Agile and Post-Agile?

What is really agile? I've touched upon this topic earlier, but I have come across a few blogs on the topic again that are interesting. Especially David Anderson, Agile Management Blog where he asks the question "Are you part of the Post-Agile movement?". He also asks the question of what agile is and points further to Jason Yip and his Agility is not the point post. In this post Yip compare the so called Agile elements to those of Lean and he does a good job of it.

As Anderson says, we need to keep pushing.

To me it does not really matter if it is agile or not, as long as we can improve the way we perform our craft and deliver better solutions. Agile for me right now is to implement Scrum and see if this improves our abilities. When this process has settled I will keep pushing. Will you?

Sunday 22 July 2007

Rationale for the change

Change can happen in many ways and there is so many factors involved. As mentioned on my favorite leadership blog: Leadership in Practice, change fails when employees dont grasp the rationale for the change. By rationale meaning the why in the change. Why is it happening? Does the change only happen because some leader have found out that this should be better for the employees or its the latest hype? Head over there and read the post, it's a good one.

As i commented on George Amblers blog, it is more than just the rationale in change. It's the what and how as well. Many of these decisions should be taken by the employees afflicted by the change. They should know best how to perform changes. At least most of the time.

Maybe its naive to think that way, but to believe in people make them do incredible things.

Wednesday 11 July 2007

Are the customer involved enough?

A while and several blog drafts since my last post now, but here it is.

The question is really, are the customer enabled to be involved enough? While we are quick to think if the customer are participating in creating the backlog or the sprintlog. By this having ownership in the decisions made. Not long ago on InfoQ Little and Spayd gave their views on agile and organisational change and they mention the importance of the customer being part of the agile process if the deliveries are to be successful. This is very true, but are they ready in their organisation to handle the deliveries?

As the Agile Manifesto principle states: Our highest priority is to satisfy the customer through early and continuous delivery of valuable software. This assume that the customer are able to handle these deliveries at the pace they are coming. Further the manifesto claim that Agile processes promote sustainable development. The sponsors, developers, and users should be able to maintain a constant pace indefinitely. If we are to adhere to these principles we have to enable the customer to also become agile in their process of receiving the delivieries.

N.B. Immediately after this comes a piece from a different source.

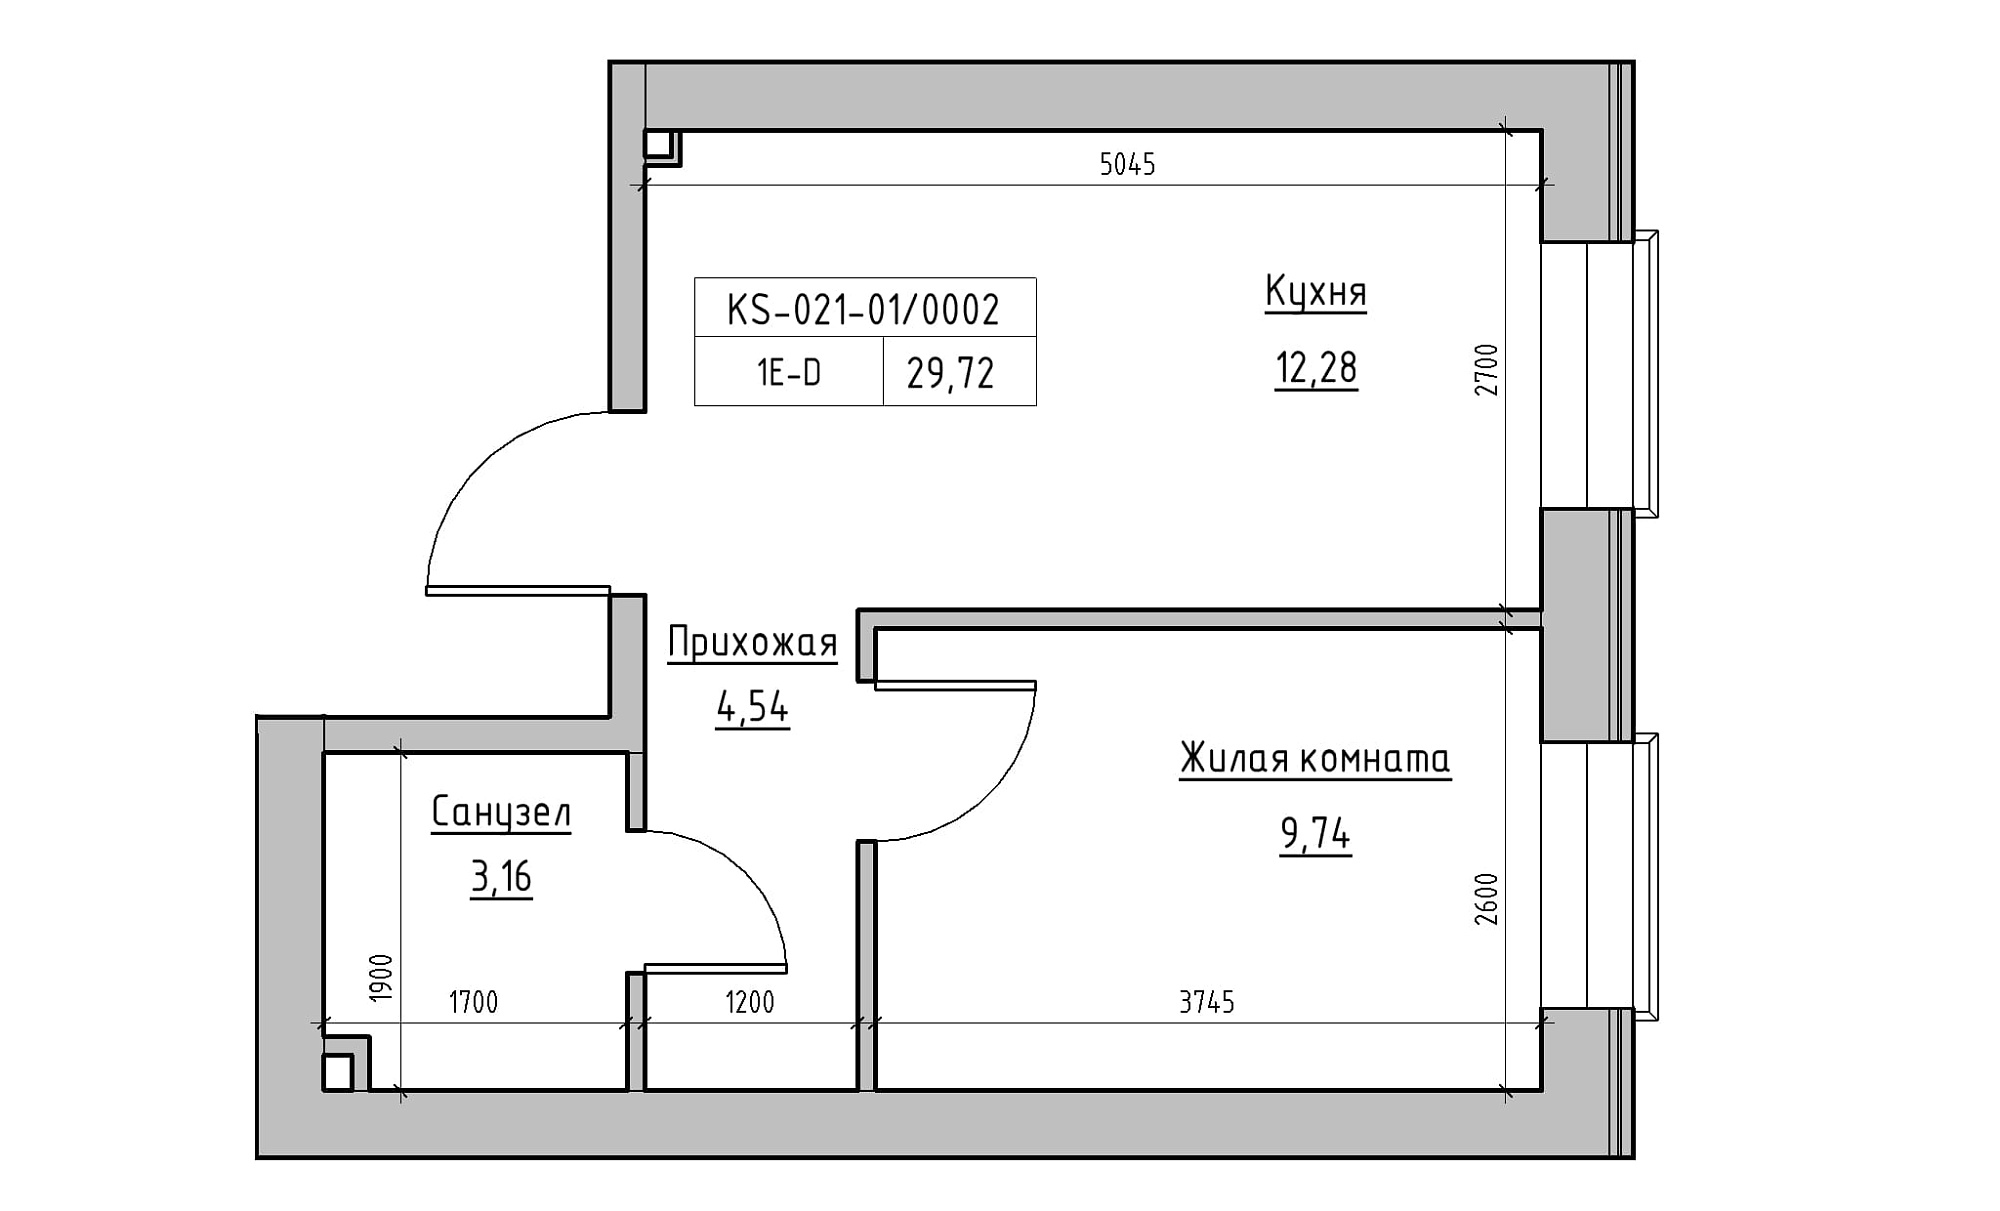 Планировка 1-к квартира площей 29.72м2, KS-021-01/0002.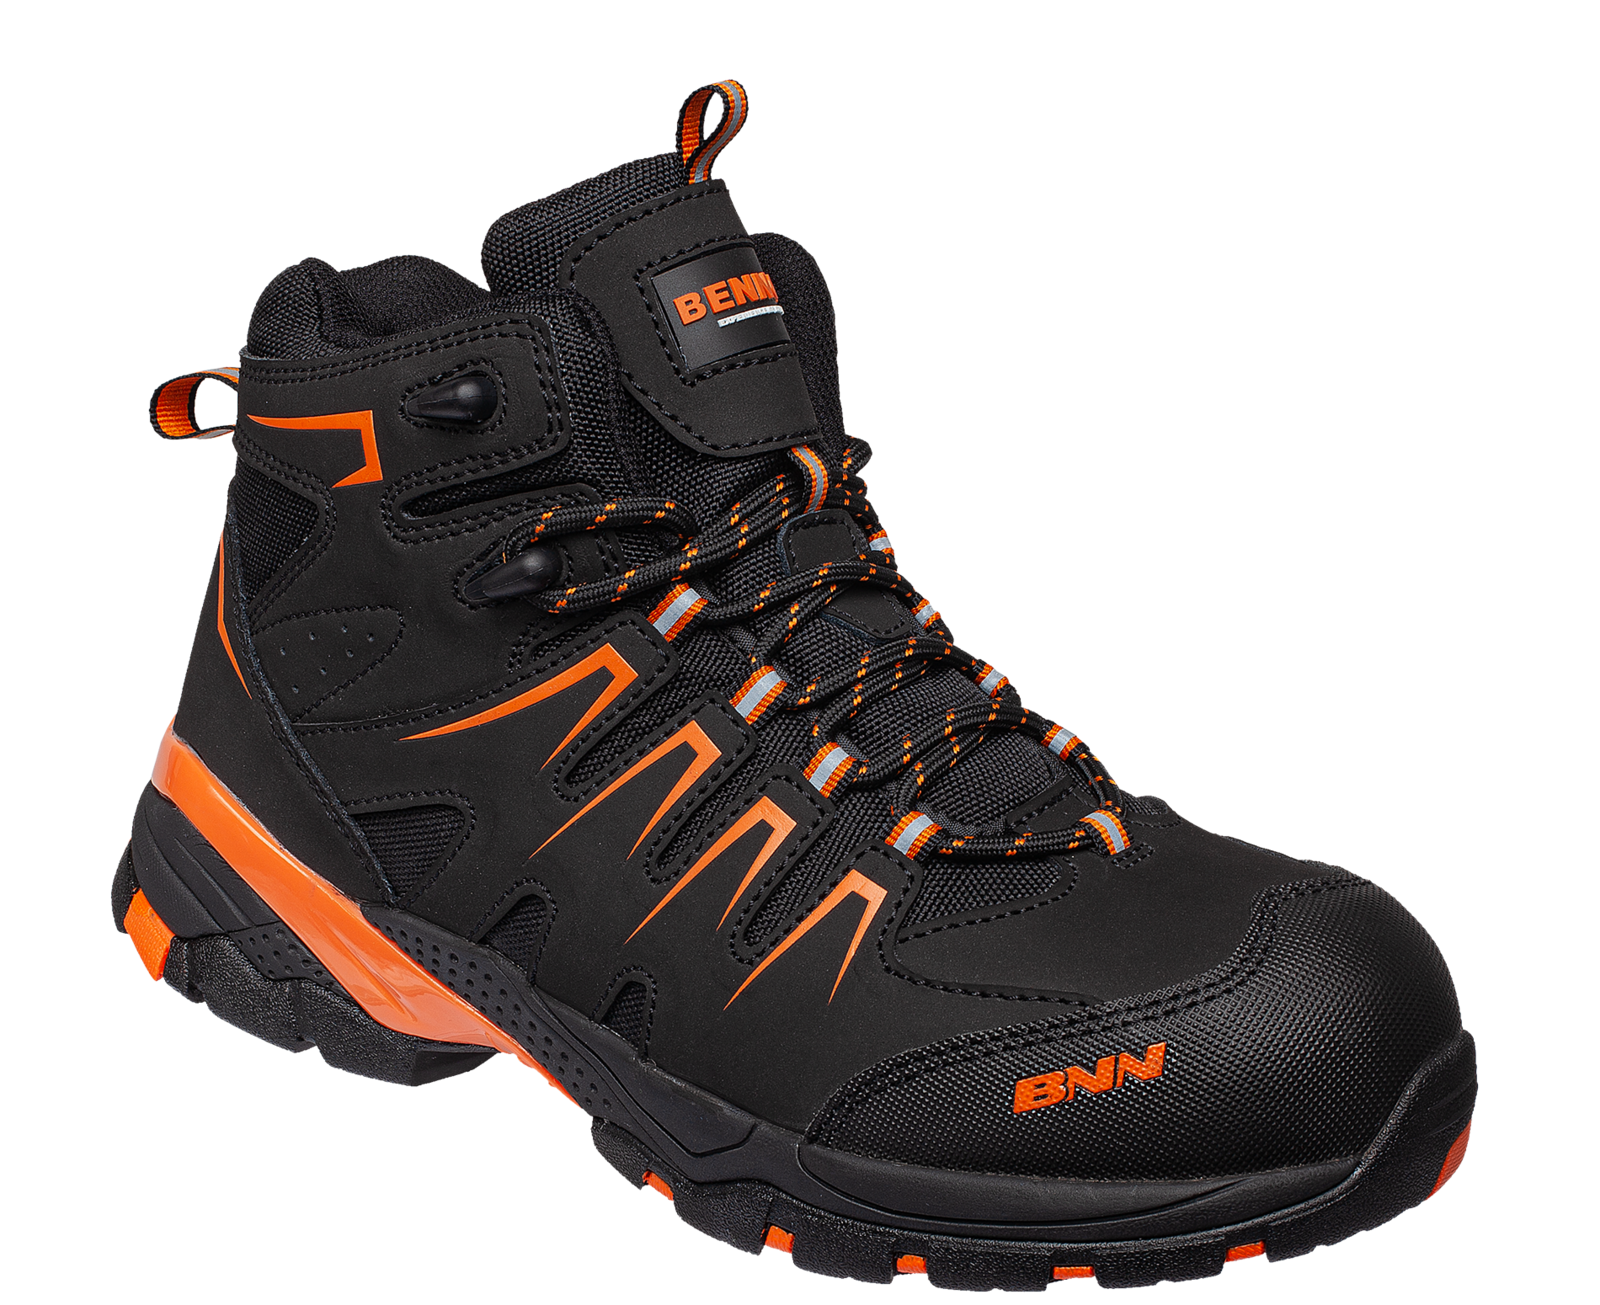 Bezpečnostná členková obuv Bennon Orlando XTR S3 NM High - veľkosť: 40, farba: čierna/oranžová

To take a practicle example of this I can relate to my current project which is in the process of implementing a more agile approach. Agreements have been met and deliveries have been delivered, but the receiving end are not able to handle the deliveries at such a pace. They lack both the manpower and the routines to test the deliveries thus bringing us back to how it was before. The team cannot keep on delivering while the tests are not being managed and we have to set a new pace. A good article on Agile Journal describe this scenario as candy coming faster on the conveyor belt, it creates trouble handling them.

This shows that agile processes sets new demands to the organisations not only where the deliveries are being produced, but also in the receiving organisation. Now you have not one, but two organisations that has to adopt agile. The question is are the customer involved enough to make that change?